Exclude certain characters from posix [[:punct:]] search

  • February 27, 2023
  • 2 replies
  • 1336 views

I'm cleaning up some text where often the space was omitted after punctuation. Like this:

There should be a space after a comma,or a semicolon,for example;it's often missing (but not after opening parentheses or apostrophes).

 

The problem is that when using a Grep Posix search for [[:punct:]](?=\w) it finds all punctuation. Is there a way to exclude ( and ' from the [[:punct:]] wildcard?

 

This topic has been closed for replies.

2 replies

Inspiring
March 8, 2023

Use negative lookahead

(?![\x{0027}\x{0028}])[[:punct:]]

Negative lookahead is successful if can not match to the right, so in this case is successful if the character on the right is not apostrophe or left parenthesis. Then search for punctuation.

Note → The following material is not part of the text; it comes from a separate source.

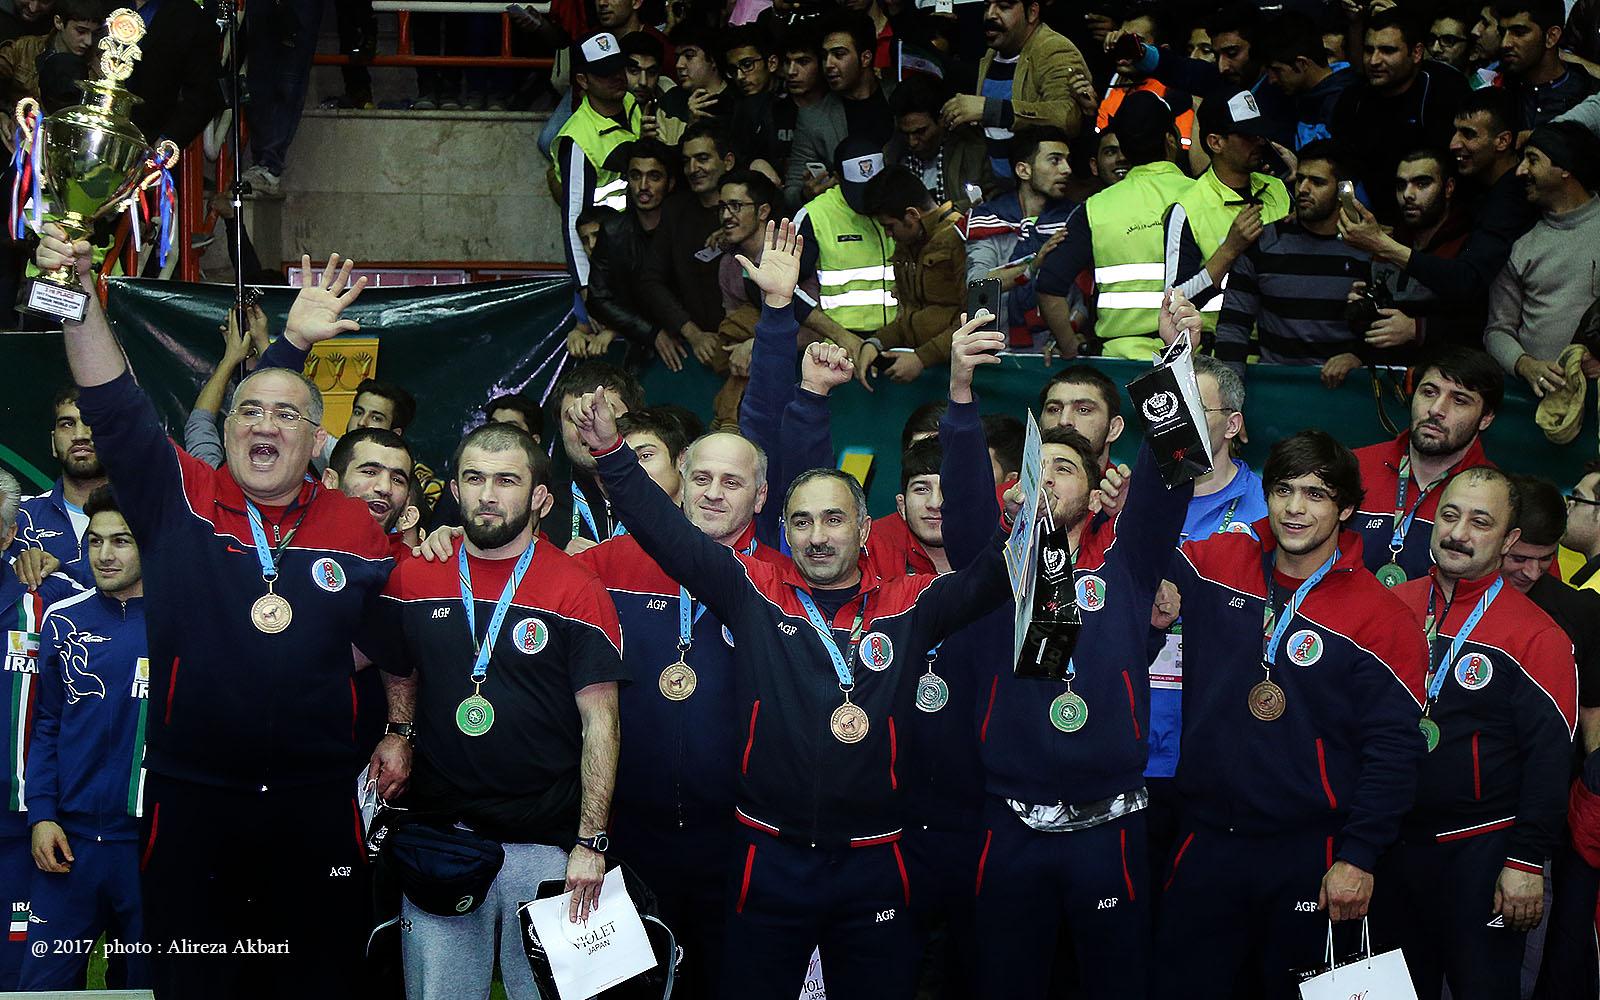 20 فریم از روز آخر جام جهانی کشتی کرمانشاه

Search any word character followed by punctuation, except ' or (:

(\w)((?![\x{0027}\x{0028}])([[:punct:]]))

Change:

$1 $2

m1b
Community Expert
Community Expert
March 8, 2023

Cool! Thanks.

m1b
Community Expert
Community Expert
February 27, 2023

Hi @defaultu0e43kqloi6n, well here's a straightforward (warning: probably naive!) approach:

 

([!%&*+,-.:;?)}\]])(\S)

 

Edit: I removed some unnecessary escaping inside the [ ], thanks to @FRIdNGE's help.

These are the characters that would seem to me to be the problems in ordinary latin text. Because I excluded apostrophe, it won't pick up trailing single quotes with no space. eg. this won't be caught: ‘The quick brown fox’The next sentence.

Be careful when copy/pasting the grep string above—Indesign or your OS can remove escape characters sometimes.

 

ChangeTo:

 

$1 $2

 

To add a space between the punctuation and the non-space character.

 

If you want to change the list of punctuation, just add or remove from between the first [ and the last ].

- Mark

FRIdNGE
February 27, 2023

Enough:

 

[!%&*+,-.:;?)}\]]

 

(^/)  The Jedi

m1b
Community Expert
Community Expert
February 27, 2023

Ah, we don't have to escape characters inside [ ] except ] of course! Thanks!